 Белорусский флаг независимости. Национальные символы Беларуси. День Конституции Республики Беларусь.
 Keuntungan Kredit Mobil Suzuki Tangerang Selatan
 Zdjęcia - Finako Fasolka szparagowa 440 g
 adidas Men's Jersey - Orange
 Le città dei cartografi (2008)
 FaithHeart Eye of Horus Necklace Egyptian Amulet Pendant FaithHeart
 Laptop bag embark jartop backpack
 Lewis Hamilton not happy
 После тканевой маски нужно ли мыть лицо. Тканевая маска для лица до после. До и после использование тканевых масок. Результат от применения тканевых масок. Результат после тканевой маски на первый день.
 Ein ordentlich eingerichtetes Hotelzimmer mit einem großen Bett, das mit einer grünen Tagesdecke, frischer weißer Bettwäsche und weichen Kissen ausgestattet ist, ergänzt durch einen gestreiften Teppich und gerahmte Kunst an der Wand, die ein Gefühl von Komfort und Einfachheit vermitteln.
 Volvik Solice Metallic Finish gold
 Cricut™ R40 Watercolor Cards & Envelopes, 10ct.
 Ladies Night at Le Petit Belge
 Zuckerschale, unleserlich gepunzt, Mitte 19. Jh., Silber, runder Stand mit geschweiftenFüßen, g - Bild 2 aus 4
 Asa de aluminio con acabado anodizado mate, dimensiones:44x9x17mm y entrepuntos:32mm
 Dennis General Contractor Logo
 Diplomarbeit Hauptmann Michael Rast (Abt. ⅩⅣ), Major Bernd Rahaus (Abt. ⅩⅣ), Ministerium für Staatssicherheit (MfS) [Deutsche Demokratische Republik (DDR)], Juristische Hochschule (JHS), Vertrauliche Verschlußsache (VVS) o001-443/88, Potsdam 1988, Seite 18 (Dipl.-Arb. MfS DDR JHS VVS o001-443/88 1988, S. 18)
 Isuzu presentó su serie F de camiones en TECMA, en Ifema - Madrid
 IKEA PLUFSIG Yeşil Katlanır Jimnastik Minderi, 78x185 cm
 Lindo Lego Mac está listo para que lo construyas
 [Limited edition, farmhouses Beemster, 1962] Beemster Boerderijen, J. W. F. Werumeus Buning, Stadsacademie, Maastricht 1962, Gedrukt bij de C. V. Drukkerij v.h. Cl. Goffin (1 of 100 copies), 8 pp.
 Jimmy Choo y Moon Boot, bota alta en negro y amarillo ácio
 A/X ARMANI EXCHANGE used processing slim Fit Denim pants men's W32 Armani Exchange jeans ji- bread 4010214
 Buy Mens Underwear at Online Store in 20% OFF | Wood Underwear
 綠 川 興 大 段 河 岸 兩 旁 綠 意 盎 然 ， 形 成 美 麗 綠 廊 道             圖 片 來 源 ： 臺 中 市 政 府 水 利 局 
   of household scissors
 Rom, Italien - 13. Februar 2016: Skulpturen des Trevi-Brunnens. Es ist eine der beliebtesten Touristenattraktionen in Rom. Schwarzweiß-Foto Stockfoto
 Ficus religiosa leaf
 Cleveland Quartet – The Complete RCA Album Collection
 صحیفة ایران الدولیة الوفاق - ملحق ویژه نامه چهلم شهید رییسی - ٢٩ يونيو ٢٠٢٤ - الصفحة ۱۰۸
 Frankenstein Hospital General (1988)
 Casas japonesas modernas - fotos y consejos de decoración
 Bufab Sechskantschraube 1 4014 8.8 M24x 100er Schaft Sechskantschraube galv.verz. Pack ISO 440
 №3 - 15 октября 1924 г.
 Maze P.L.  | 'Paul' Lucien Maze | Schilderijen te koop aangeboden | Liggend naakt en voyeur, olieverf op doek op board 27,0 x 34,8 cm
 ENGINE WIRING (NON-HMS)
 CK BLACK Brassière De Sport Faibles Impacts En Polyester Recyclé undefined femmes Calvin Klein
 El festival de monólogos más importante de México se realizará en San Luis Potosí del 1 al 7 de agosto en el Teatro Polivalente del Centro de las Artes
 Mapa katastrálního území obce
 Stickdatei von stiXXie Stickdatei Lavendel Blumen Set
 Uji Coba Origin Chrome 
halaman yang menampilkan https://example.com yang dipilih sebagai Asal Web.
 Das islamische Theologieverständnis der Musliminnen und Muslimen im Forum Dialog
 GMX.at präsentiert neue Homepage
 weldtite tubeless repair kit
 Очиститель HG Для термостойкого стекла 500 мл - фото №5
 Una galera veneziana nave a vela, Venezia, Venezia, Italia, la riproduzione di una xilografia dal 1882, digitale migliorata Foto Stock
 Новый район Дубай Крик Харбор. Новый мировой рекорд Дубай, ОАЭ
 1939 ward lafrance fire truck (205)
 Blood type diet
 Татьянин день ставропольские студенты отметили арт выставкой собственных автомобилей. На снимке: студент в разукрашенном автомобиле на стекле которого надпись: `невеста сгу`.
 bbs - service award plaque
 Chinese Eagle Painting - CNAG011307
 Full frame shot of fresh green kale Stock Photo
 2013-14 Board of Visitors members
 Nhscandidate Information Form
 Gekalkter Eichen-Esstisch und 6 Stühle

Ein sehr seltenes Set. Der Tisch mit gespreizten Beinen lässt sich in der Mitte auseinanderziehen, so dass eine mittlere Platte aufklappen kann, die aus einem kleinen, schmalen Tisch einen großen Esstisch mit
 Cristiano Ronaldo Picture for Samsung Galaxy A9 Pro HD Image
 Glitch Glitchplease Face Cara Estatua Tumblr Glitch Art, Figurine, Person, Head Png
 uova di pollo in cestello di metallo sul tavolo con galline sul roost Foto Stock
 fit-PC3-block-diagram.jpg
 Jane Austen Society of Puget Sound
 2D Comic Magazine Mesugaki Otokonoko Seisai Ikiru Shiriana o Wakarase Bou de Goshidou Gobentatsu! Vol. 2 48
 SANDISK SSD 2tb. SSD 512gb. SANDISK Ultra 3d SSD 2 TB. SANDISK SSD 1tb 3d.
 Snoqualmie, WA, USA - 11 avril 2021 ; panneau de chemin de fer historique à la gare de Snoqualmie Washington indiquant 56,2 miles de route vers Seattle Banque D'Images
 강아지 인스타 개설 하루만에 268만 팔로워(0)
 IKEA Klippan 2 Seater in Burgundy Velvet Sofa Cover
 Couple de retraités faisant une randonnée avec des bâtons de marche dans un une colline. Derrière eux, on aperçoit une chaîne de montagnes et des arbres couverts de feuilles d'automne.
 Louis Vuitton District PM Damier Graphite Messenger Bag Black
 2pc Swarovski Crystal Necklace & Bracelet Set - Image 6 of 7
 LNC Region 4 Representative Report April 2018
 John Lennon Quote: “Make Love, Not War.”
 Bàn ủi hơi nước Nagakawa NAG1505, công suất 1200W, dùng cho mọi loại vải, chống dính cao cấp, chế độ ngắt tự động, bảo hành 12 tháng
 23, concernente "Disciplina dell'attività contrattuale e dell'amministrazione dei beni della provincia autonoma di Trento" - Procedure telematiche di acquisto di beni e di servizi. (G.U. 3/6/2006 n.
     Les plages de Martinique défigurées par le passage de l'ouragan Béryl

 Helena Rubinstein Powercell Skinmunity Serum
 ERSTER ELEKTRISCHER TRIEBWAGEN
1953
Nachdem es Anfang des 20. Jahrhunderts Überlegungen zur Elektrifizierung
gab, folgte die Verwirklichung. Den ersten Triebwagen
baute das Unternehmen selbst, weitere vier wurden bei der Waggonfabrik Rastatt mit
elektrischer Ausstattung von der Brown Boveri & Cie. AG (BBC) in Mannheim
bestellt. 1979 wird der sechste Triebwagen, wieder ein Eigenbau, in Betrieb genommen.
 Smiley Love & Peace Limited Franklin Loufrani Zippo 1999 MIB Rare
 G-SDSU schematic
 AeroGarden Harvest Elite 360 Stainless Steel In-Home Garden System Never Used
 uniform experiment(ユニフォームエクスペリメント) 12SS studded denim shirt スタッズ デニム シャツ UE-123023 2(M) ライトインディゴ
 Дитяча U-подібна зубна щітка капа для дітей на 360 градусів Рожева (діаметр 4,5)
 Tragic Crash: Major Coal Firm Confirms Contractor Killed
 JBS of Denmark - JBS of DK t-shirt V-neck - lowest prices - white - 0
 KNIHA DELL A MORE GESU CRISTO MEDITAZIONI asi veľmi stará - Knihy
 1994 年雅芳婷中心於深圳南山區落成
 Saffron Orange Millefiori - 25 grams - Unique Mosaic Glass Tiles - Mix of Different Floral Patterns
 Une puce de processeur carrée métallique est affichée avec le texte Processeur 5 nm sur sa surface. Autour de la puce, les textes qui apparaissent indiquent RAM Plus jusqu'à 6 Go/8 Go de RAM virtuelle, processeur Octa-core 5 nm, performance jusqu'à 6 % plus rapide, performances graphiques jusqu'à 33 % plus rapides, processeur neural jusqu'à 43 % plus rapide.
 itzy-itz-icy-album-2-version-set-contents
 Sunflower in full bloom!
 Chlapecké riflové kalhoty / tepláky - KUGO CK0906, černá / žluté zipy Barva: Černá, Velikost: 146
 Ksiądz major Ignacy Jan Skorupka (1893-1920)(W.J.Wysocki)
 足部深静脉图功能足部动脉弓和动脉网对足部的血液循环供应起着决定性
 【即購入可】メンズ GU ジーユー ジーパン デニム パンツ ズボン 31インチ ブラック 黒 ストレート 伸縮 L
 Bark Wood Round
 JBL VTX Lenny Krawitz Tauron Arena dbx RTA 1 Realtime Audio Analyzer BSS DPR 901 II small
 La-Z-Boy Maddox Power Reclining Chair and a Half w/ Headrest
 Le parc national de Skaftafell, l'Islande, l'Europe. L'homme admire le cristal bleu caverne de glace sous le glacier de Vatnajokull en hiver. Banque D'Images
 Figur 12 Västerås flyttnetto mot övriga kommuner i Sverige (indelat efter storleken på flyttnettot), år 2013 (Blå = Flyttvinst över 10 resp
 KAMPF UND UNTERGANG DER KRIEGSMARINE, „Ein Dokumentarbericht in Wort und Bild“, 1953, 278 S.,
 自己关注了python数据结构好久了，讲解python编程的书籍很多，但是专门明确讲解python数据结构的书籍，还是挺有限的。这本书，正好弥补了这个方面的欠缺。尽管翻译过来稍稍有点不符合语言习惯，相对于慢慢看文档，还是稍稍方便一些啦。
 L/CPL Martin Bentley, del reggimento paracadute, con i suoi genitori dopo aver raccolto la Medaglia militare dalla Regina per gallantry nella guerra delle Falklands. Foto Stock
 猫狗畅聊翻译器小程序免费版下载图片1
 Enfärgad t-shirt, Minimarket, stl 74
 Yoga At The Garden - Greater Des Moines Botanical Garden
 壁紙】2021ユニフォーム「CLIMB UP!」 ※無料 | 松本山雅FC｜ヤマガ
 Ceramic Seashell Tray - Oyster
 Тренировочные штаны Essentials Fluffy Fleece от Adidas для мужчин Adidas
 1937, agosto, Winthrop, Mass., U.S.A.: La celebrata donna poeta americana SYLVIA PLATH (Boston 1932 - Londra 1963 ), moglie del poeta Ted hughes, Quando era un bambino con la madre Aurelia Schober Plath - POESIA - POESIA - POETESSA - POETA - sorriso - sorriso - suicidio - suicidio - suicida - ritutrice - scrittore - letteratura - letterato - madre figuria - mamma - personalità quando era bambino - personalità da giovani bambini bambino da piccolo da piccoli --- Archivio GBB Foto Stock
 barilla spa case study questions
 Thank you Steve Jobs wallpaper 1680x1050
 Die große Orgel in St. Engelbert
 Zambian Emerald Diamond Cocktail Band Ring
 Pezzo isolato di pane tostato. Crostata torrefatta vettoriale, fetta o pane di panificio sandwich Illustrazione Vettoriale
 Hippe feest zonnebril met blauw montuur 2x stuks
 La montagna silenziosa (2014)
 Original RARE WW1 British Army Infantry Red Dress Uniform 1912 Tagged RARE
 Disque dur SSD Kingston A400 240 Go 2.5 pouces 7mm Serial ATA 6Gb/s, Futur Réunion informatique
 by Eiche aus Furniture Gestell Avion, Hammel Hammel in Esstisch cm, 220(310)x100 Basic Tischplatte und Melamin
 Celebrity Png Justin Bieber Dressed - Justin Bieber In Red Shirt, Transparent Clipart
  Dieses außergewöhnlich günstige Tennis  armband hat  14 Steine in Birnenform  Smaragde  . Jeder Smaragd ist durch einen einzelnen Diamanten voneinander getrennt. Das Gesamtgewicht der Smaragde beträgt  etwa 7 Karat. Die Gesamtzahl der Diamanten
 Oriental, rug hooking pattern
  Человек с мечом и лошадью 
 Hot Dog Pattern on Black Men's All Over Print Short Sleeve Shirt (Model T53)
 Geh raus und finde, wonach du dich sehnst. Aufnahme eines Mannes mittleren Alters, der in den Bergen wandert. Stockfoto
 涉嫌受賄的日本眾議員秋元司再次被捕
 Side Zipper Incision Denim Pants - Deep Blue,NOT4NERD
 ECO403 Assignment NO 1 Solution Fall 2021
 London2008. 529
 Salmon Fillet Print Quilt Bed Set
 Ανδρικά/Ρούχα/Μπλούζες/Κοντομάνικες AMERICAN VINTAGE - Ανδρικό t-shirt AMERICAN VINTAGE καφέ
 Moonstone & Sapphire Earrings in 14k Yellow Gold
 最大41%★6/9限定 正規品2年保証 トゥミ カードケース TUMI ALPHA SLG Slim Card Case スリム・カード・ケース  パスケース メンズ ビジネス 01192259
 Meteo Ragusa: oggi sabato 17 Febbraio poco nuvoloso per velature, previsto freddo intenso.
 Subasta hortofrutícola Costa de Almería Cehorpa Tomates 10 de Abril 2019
- - - - - - -
• **WORK REQUEST**
All lines above from the one with "[Limited edition, farmhouses" to the one with "weldtite tubeless repair kit", inclusive, should be copied exactly, and no other lines.

• **SOLUTION FOR THIS PROBLEM**
 [Limited edition, farmhouses Beemster, 1962] Beemster Boerderijen, J. W. F. Werumeus Buning, Stadsacademie, Maastricht 1962, Gedrukt bij de C. V. Drukkerij v.h. Cl. Goffin (1 of 100 copies), 8 pp.
 Jimmy Choo y Moon Boot, bota alta en negro y amarillo ácio
 A/X ARMANI EXCHANGE used processing slim Fit Denim pants men's W32 Armani Exchange jeans ji- bread 4010214
 Buy Mens Underwear at Online Store in 20% OFF | Wood Underwear
 綠 川 興 大 段 河 岸 兩 旁 綠 意 盎 然 ， 形 成 美 麗 綠 廊 道             圖 片 來 源 ： 臺 中 市 政 府 水 利 局 
   of household scissors
 Rom, Italien - 13. Februar 2016: Skulpturen des Trevi-Brunnens. Es ist eine der beliebtesten Touristenattraktionen in Rom. Schwarzweiß-Foto Stockfoto
 Ficus religiosa leaf
 Cleveland Quartet – The Complete RCA Album Collection
 صحیفة ایران الدولیة الوفاق - ملحق ویژه نامه چهلم شهید رییسی - ٢٩ يونيو ٢٠٢٤ - الصفحة ۱۰۸
 Frankenstein Hospital General (1988)
 Casas japonesas modernas - fotos y consejos de decoración
 Bufab Sechskantschraube 1 4014 8.8 M24x 100er Schaft Sechskantschraube galv.verz. Pack ISO 440
 №3 - 15 октября 1924 г.
 Maze P.L.  | 'Paul' Lucien Maze | Schilderijen te koop aangeboden | Liggend naakt en voyeur, olieverf op doek op board 27,0 x 34,8 cm
 ENGINE WIRING (NON-HMS)
 CK BLACK Brassière De Sport Faibles Impacts En Polyester Recyclé undefined femmes Calvin Klein
 El festival de monólogos más importante de México se realizará en San Luis Potosí del 1 al 7 de agosto en el Teatro Polivalente del Centro de las Artes
 Mapa katastrálního území obce
 Stickdatei von stiXXie Stickdatei Lavendel Blumen Set
 Uji Coba Origin Chrome 
halaman yang menampilkan https://example.com yang dipilih sebagai Asal Web.
 Das islamische Theologieverständnis der Musliminnen und Muslimen im Forum Dialog
 GMX.at präsentiert neue Homepage
 weldtite tubeless repair kit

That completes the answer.